Áine Wall

Personal information
- Irish name: Áine de Bhál
- Sport: Ladies' Gaelic football
- Position: right wing forward, left corner forward, full forward
- Born: 1970 (age 54–55)

Club(s)
- Years: Club
- Ballymacarbry LGFC

Club titles
- All-Ireland Titles: 10

Inter-county(ies)
- Years: County
- 1989–2003: Waterford

Inter-county titles
- All-Irelands: 5
- All Stars: 8

= Áine Wall =

Irish Gaelic footballer

Áine Wall (married name Áine Moore; born 1970) is an Irish sportswoman. She played ladies' Gaelic football with her local club, Ballymacarbry, and with her county, Waterford.

==Sporting career==
Wall won five All-Ireland Senior Ladies' Football Championships with Waterford, in 1991, 1992, 1994, 1995 and in the first televised final in 1998. She won eight Ladies' Gaelic Football All Stars Awards, appearing on the all-star team in 1989–1994, 1996 and 1998.

With her club, Ballymacarbry, she won ten All-Ireland Ladies' Club Football Championships.
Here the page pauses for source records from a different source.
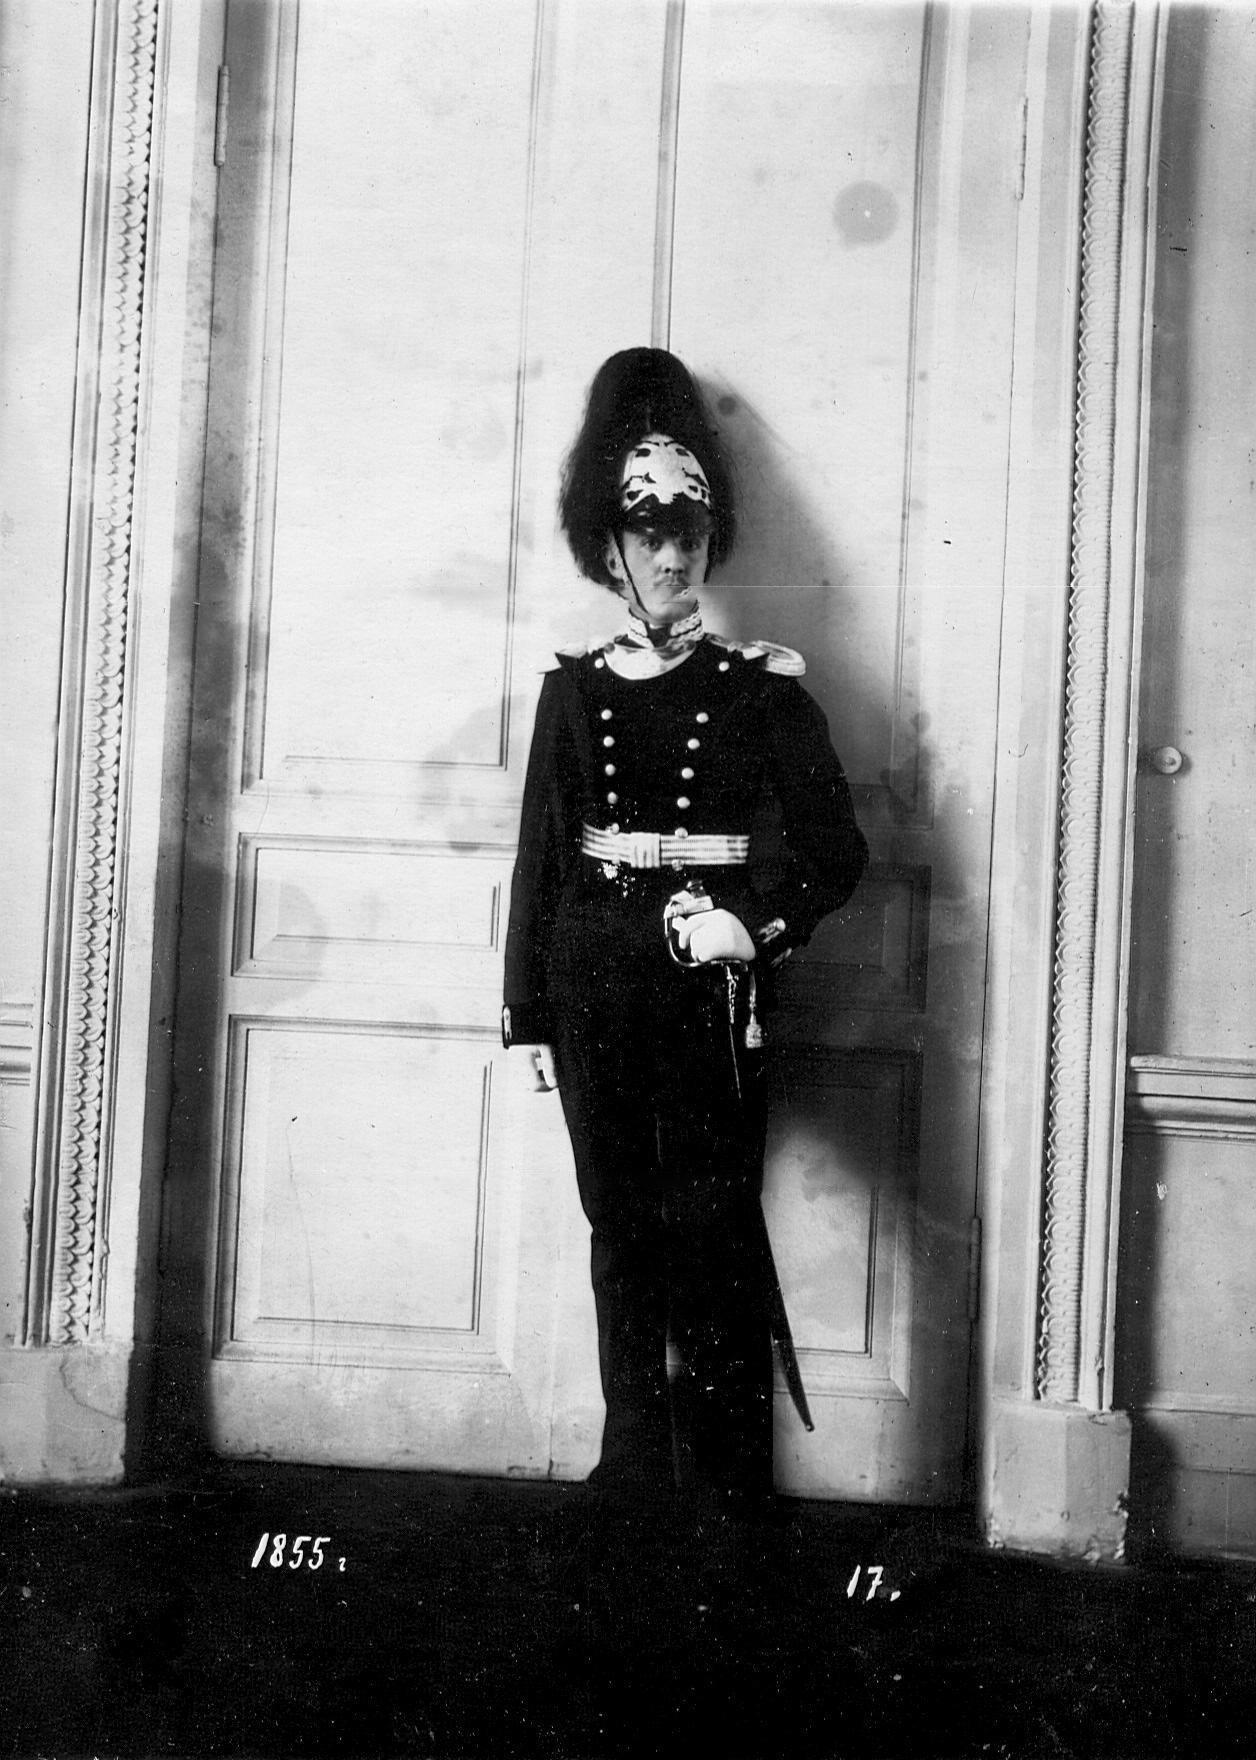 Форма офицера батальона образца 1855 года.
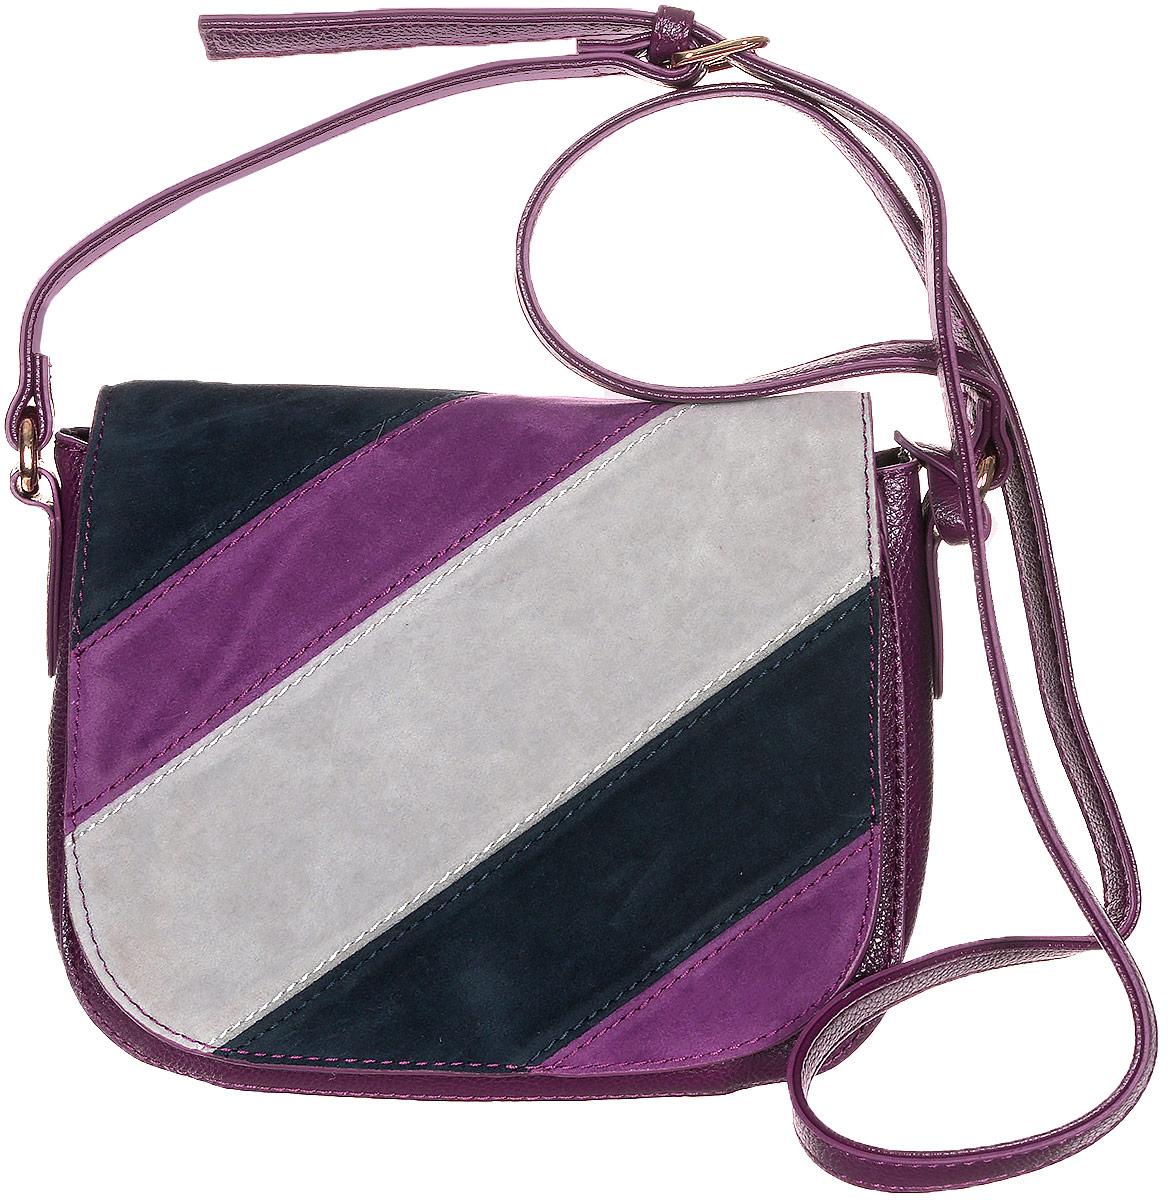 Сумка женская Jane Shilton, цвет: пурпурный, черный, серый. 21792179m_purpleСтильная женская сумка Jane Shilton не оставит вас равнодушной благодаря своему дизайну и практичности. Она изготовлена из качественной искусственной кожи разной текстуры и выполнена в оригинальном дизайне. Сумка оснащена удобным плечевым ремнем, который оформлен фирменной металлической подвеской. Длина ремня регулируется с помощью пряжки. Изделие закрывается клапаном на магнитную кнопку. Под клапаном расположен открытый накладной карман. Внутри расположено главное отделение, которое содержит открытый накладной карман для телефона и один вшитый карман на молнии для мелочей. Такая модная и практичная сумка завершит ваш образ и станет незаменимым аксессуаром в вашем гардеробе.
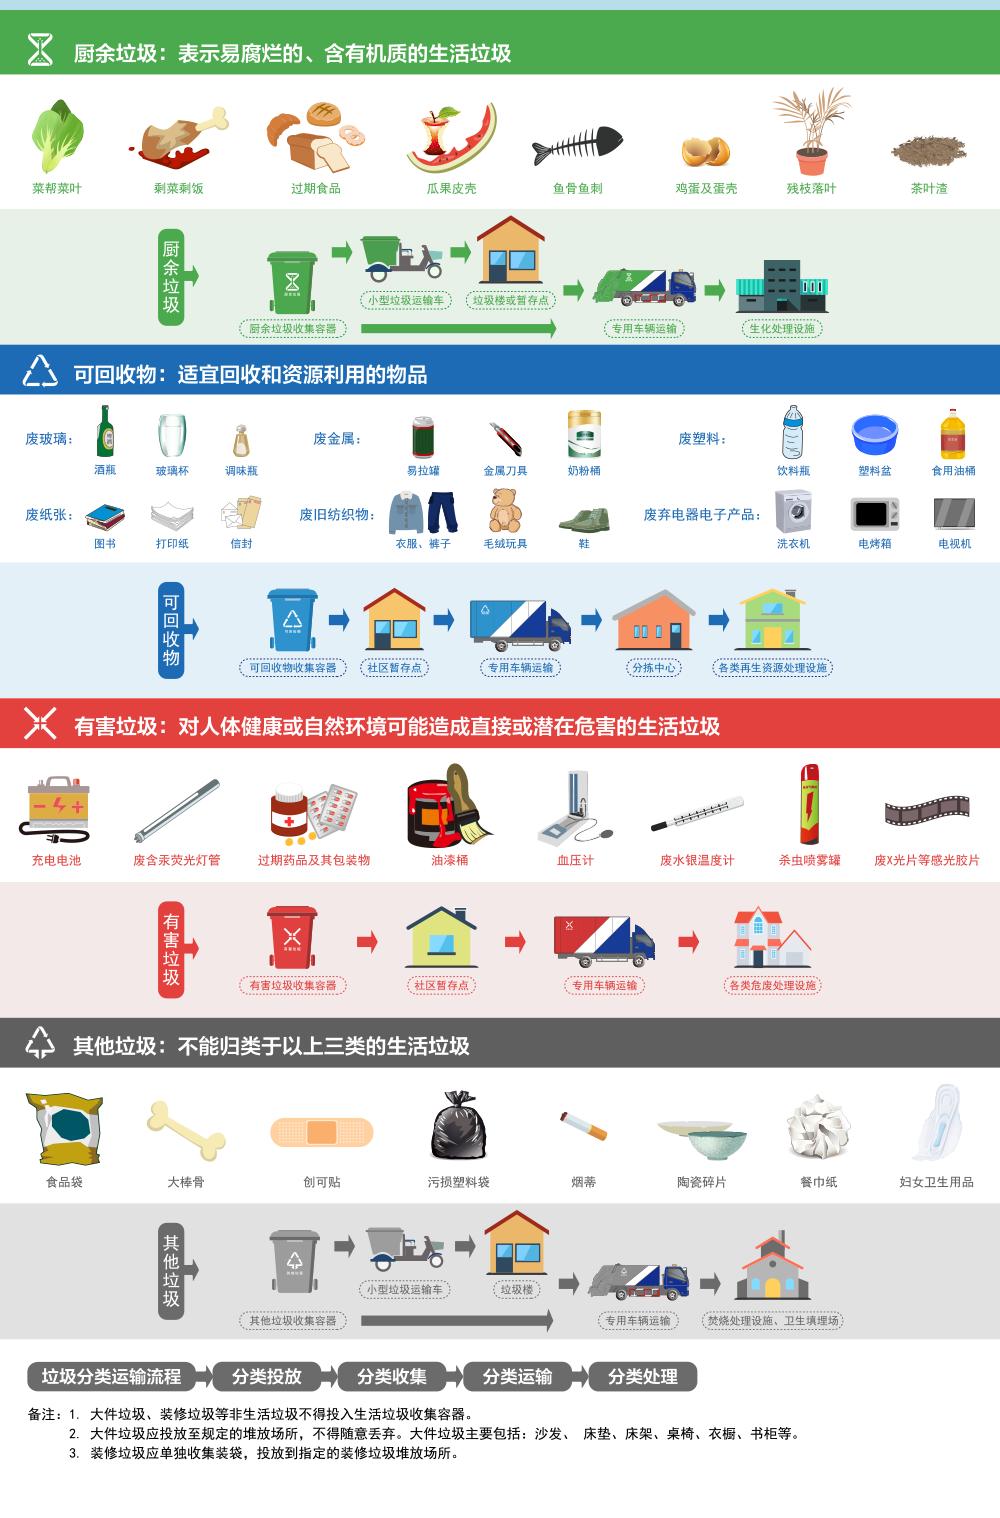 [网连中国]多地探索:智能引导、变废为宝,垃圾分类也能很简单图片
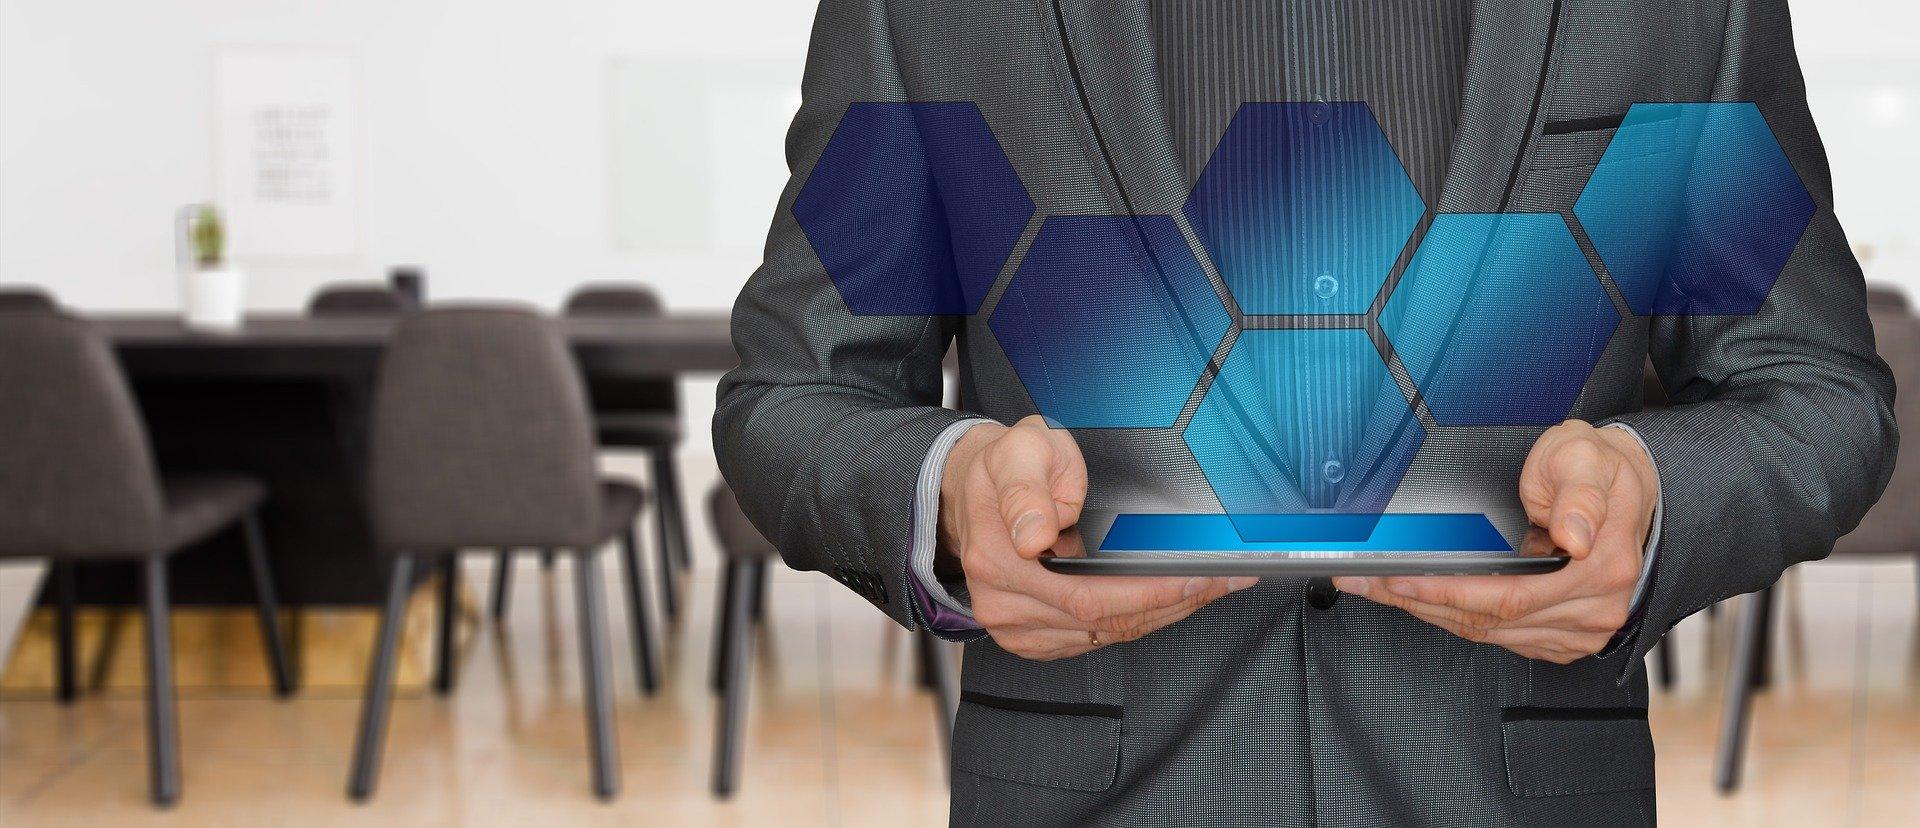 Cambios tecnológicos en las relaciones laborales: Derechos digitales y trabajo a distancia
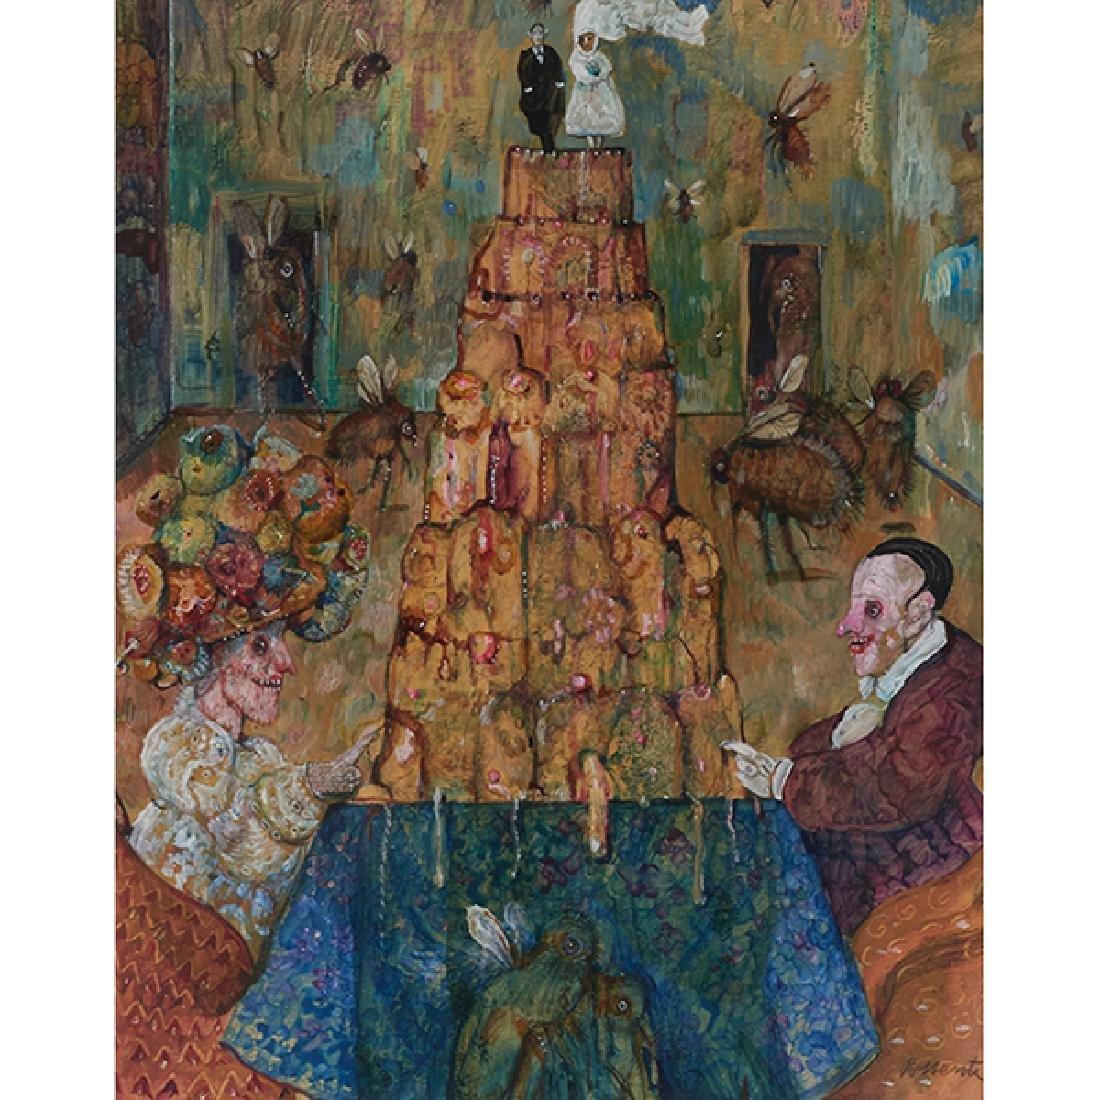 Antonio Possenti, (Italian, b. 1933), Anniversary Cake,

In 2020, Cliona Foley (Irish Independent) named Wall as the 3rd greatest ladies' football player of all time (behind Cora Staunton and Mary Jo Curran). Wall was inducted into the Gaelic Writers' Association Hall of Fame in 2022.

==Media==

She will be the subject of a 2023 episode of Laochra Gael. Publicity for the documentary said that "as a result of the heroics of Áine and her friends, the sport, which had never even been broadcast when she started out, gained attention and respect. One of the greatest ever footballers, who revolutionised Ladies Football."
==Personal life==
Wall is a keen golfer and a member of Clonmel Golf Club.